The Accidental Soldier Read online

Page 2


  This impression of stasis, he suspects, is influenced by a photograph he carries in his wallet. Uncle Lew Broughton took it in 1903, a year before Sammy’s death. There’s a pretence of spontaneity, as if Harry and his mother are looking up suddenly at an unexpected visitor, but in reality Lew posed it carefully. While the printing process gives the light that coppery look of a dust storm, it’s nonetheless intense. Shadows are compact and dark. And the clarity is extraordinary. You can see the opal brooch on Ma’s blouse and the rose petals strewn under the bushes. And there is Harry in his sleeveless baker’s shirt, tall to the brink of ungainliness, solidly built but narrow-shouldered (like a bottle of hock, according to Lew). The exposed skin of his upper arms is pale as dough. Looking impossibly young, he bows over a rosebush.

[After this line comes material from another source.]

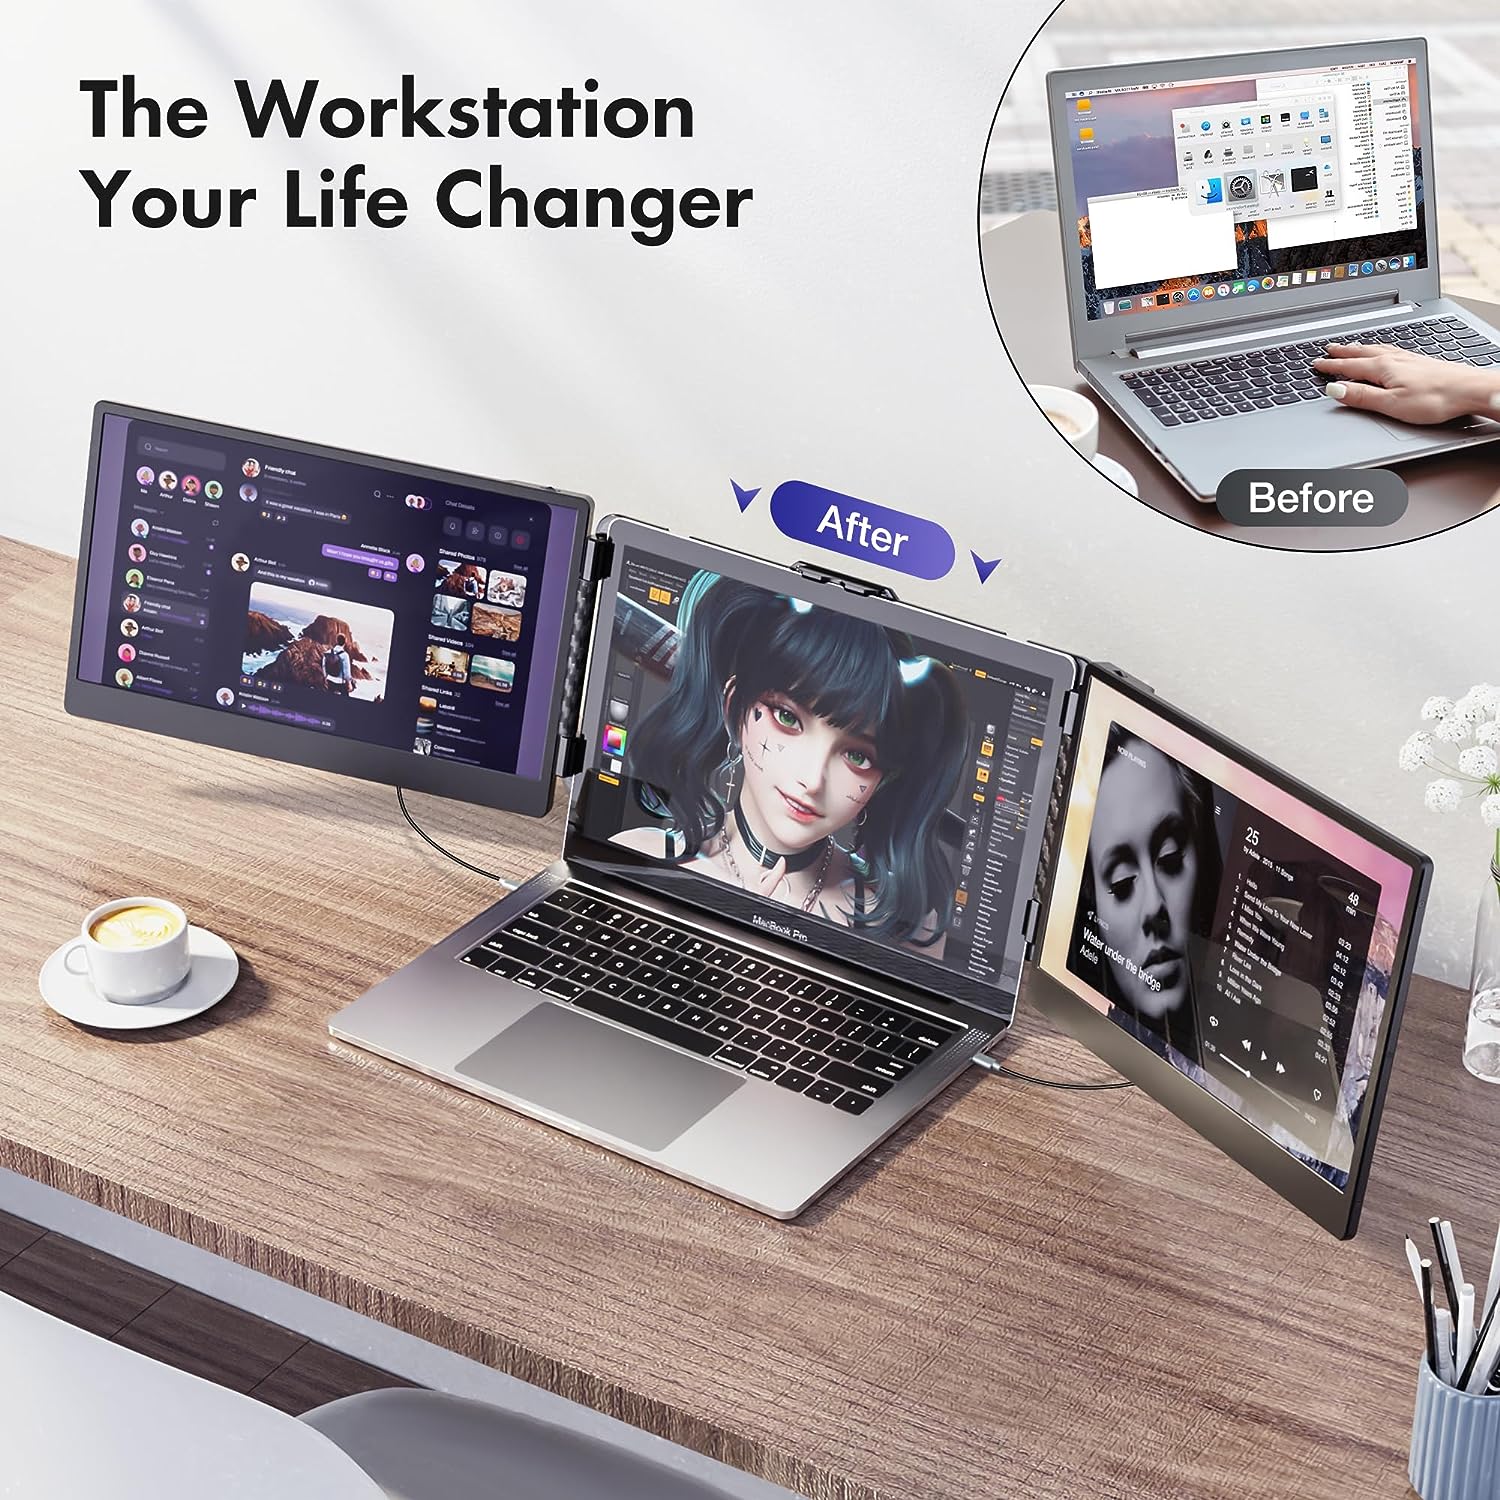 Kwumsy S2 14" Triple Laptop Screen Extender

In one hand he has a harvest of flowers, in the other a knife. He likes the man in this picture. Perhaps the instinct for evasion, for wriggling and shifting, is there, but undeveloped. He has an ironic charm and self-confidence. He is a man in his element.

  Beside him at the table, Natty Mills tells the story of his sister’s wedding. He sparkles with pride when he speaks of all the good things laid out on trestles. The cake was iced with marzipan. Would they have tasted marzipan? For Mills the word is as marvellous as the flavour. Bunter is surprisingly tactful. He doesn’t belittle the glories of marzipan. He says it’s a French invention, and a French word, and embarks on an etymological exposition to demonstrate his mastery of the language.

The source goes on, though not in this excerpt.